Bir çiçek kokusu, bir lavanta sanki çalınırken burnuma korkma, dedi defalarca… Bir an durdu, fakat kaçmaya devam etmemi de söyledi. Korkmadan kaçabilmekmiş marifet de, o vakit korkunun da bir anlamı kalmazmış kaçışların da. Bir ses çalındı perona boydan boya sonra, trenimiz birazdan hareket edecekmiş. Ellerini bıraktım usulca, bu soğuk eller, çok başka dünyaların sırrını veriyordu sanki bana. Sanki birazdan çıkacağım yolculuğun bambaşka olacağını da müjdeliyordu gizli kapaklı da olsa. Bilinmezlik katılmıştı hayatın tedirginliğinin arasında, gözlerine bakıp ismini sordum. Canan, dedi… Senin yolculuk nereye diye ekledim sonra, bunca muhabbetin ardından tanışma merasimi başlamıştı. Yine gülümsedi usulca, ben bir yere gitmiyorum, dedi. Anlamadım, anlattı yeni baştan. Bir belirsizlik içinde, bilinmezlik içinde, gâh trenle gâh otobüsle ülkeyi bir baştan bir başa gezip durduğunu anlattı. Şaşırmıştım bu divane meleğin sözlerine, ne tür bir yolculuk ola ki bu? Baştan sona bir hikâye imiş, her kelimesi her cümlesi gidilen yeni diyarların en kuytu yerlerinde bulunan. Bazen bir mahalle bakkalında, bazen bir düğün salonunda, gürültünün tam orta yerinde ya da o ilk dansta, kimi zaman bir ilkokulun bahçesinde, bir halk kütüphanesinin tozlu raflarında, antikacıda, saatçide, hangisi olacağı belli olmaz, bu hikâye için kurulmuş yüzlerce kelimeden biri apansızın bir yerde tamamlanıverirmiş. Ne eksik, ne fazla, bir anlam ve bir kelimeymiş bu yerlerde bulunan. Acı bir ses daha çalındı sonra, ayrılığın birine dair bir cümle belli ki tamam olmuştu artık. Çantasını açıp bir kitap çıkardı sonra. Bana uzattı.

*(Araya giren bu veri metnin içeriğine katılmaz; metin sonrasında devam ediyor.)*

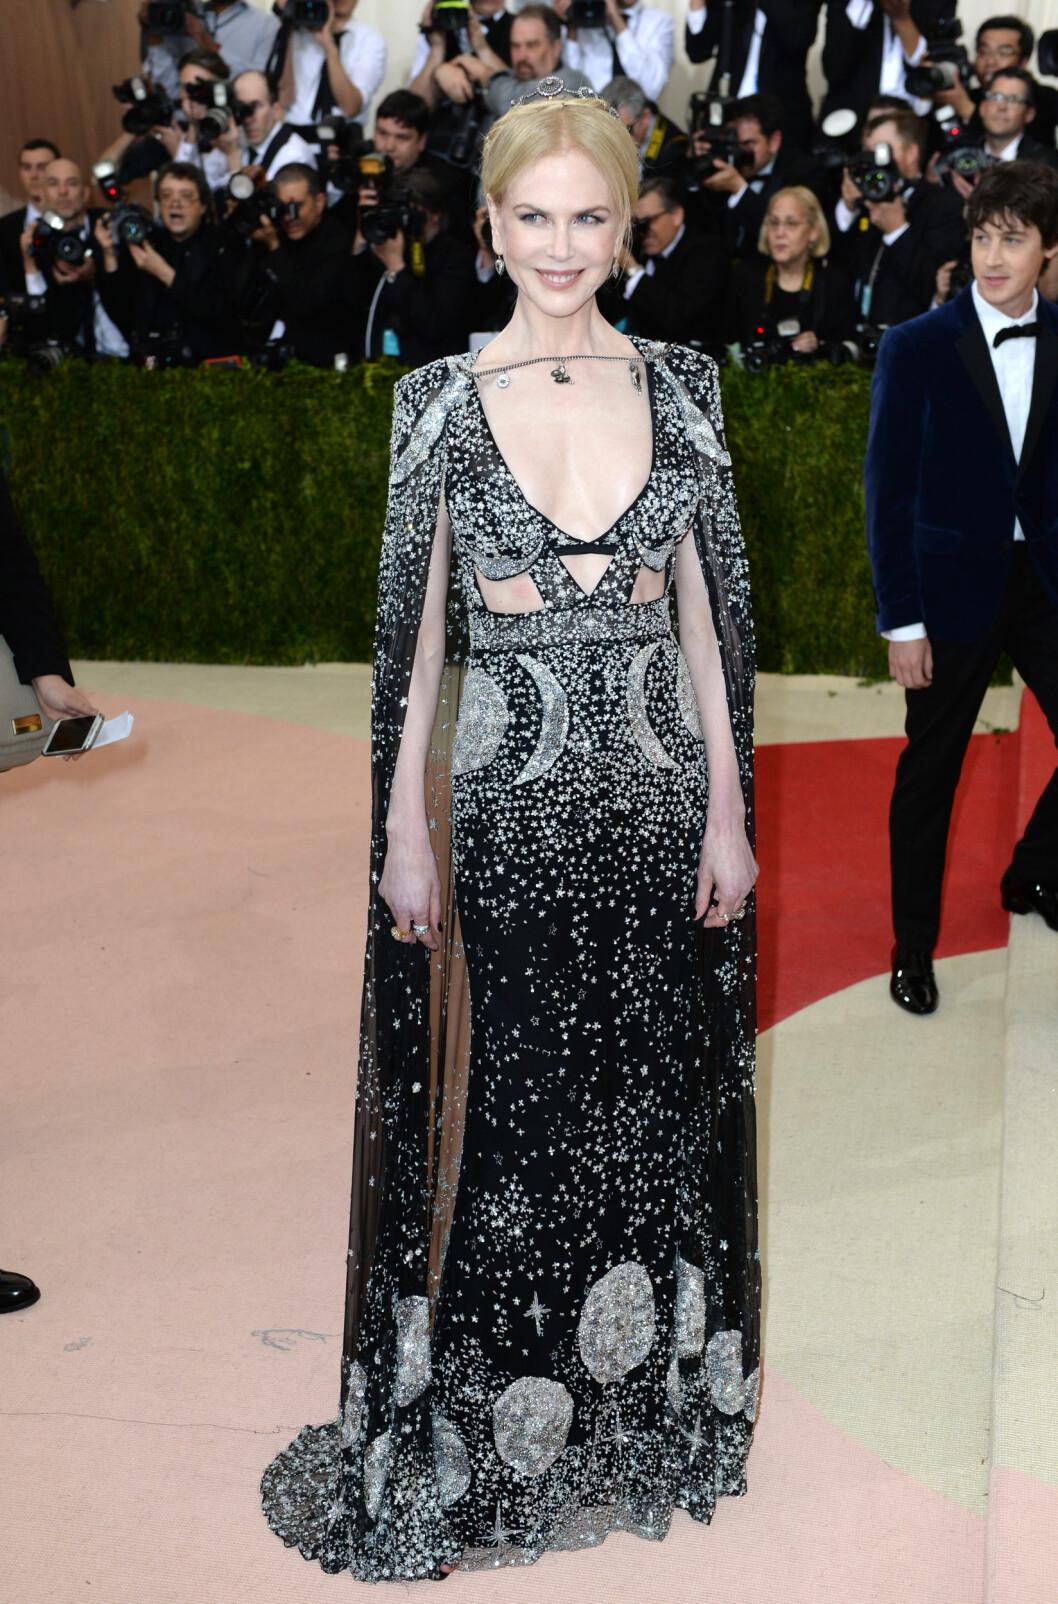 GALAKTISK: Alexander McQueen-kjolen til Nicole Kidman så ut til å være inspirert av verdensrommet.  Foto: Pa Photos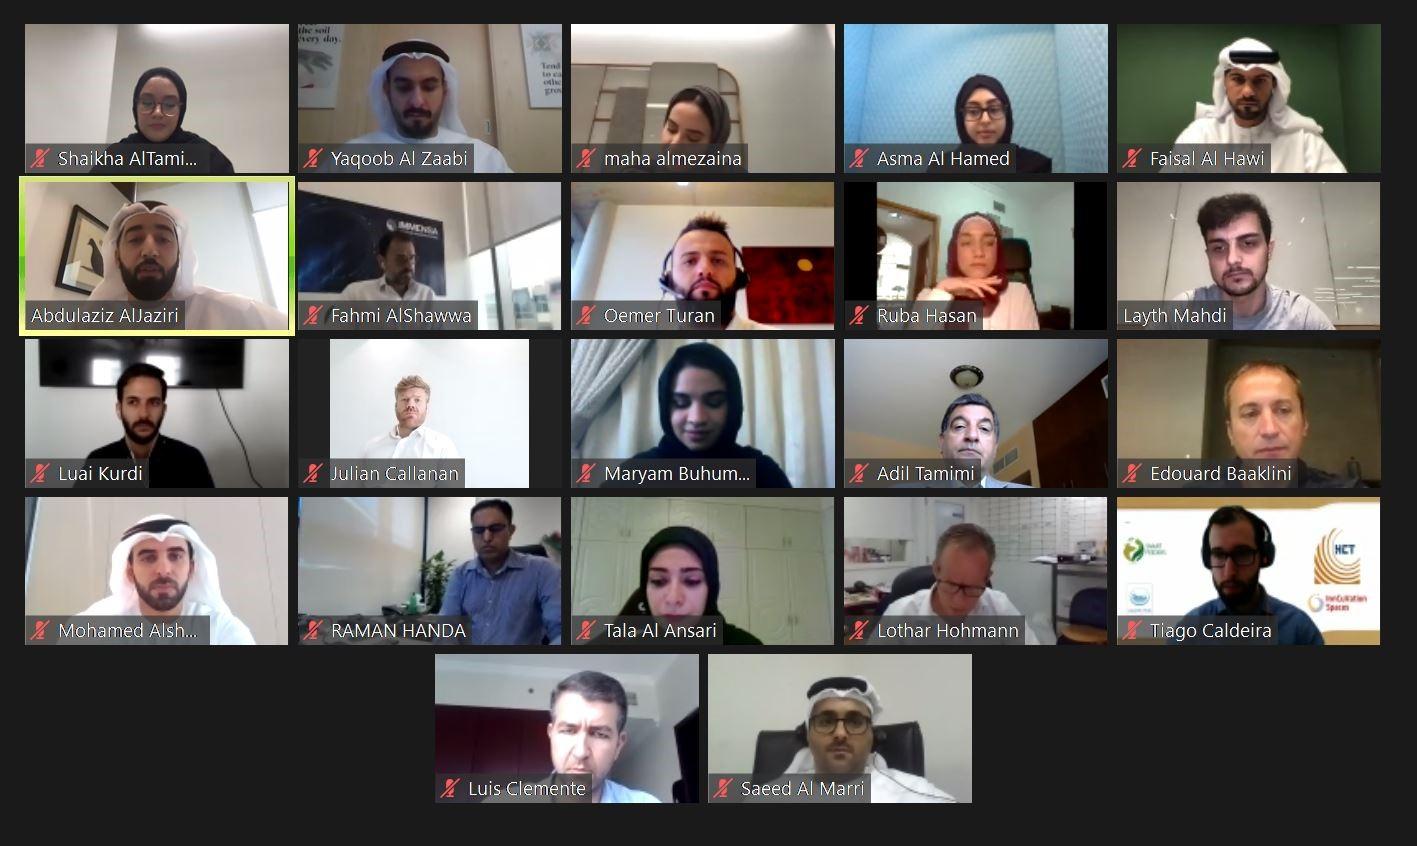 مؤسسة دبي للمستقبل تباشر تفعيل التحالف الاستراتيجي للطباعة ثلاثية الأبعاد

Yerime oturduğumda hala onu izliyordum camdan; daha doğrusu onun gidişini. Kalabalığın içinde mor paltosuyla seçiliyordu uzaktan da olsa. Sonra yanında geçip gittik yavaşça, ben de merak içinde bu meçhul meleğin hediyesine gömüldüm. Önce karıştırdım biraz, sarı saman sayfaları iyiden iyiye cezbetti beni de bir solukta başladım okumaya. Saatler içinde eriyip gitmişti sayfalar… Son sayfayı çevirdiğimde, tren yavaşladı, koridordan bir boşluk esip gürleyerek yakaladı içimi. Titredim teslim olmadan hemen önce. Sayfaları yeni baştan çevirdim hızla, en baştan başladım okumaya, üç cümle geçmedi kitabın içindeki dünyaya daldı aklım. Ne olduğunu anlamak mı istiyorsun? Düşün, tüm kudretinle düşün şimdi öyleyse, bir hikâyeydi ki başlangıcında da bitişinde de mahrum bırakılmıştı. Evet, bizzat hayat gibiydi bu dile dolanan beste ve bu yeni hayatın içinde korkularım eriyip gitti. Ne var ki tüm bu tükenişten arda kalan son cümlesi, bu yolculuktan aylar sonra alakasız bir yerde, sabaha karşı karlarla kaplı başka kentin birinde tamamlanıverecekti: Bir gün bir kitap okudum ve bütün hayatım değişti.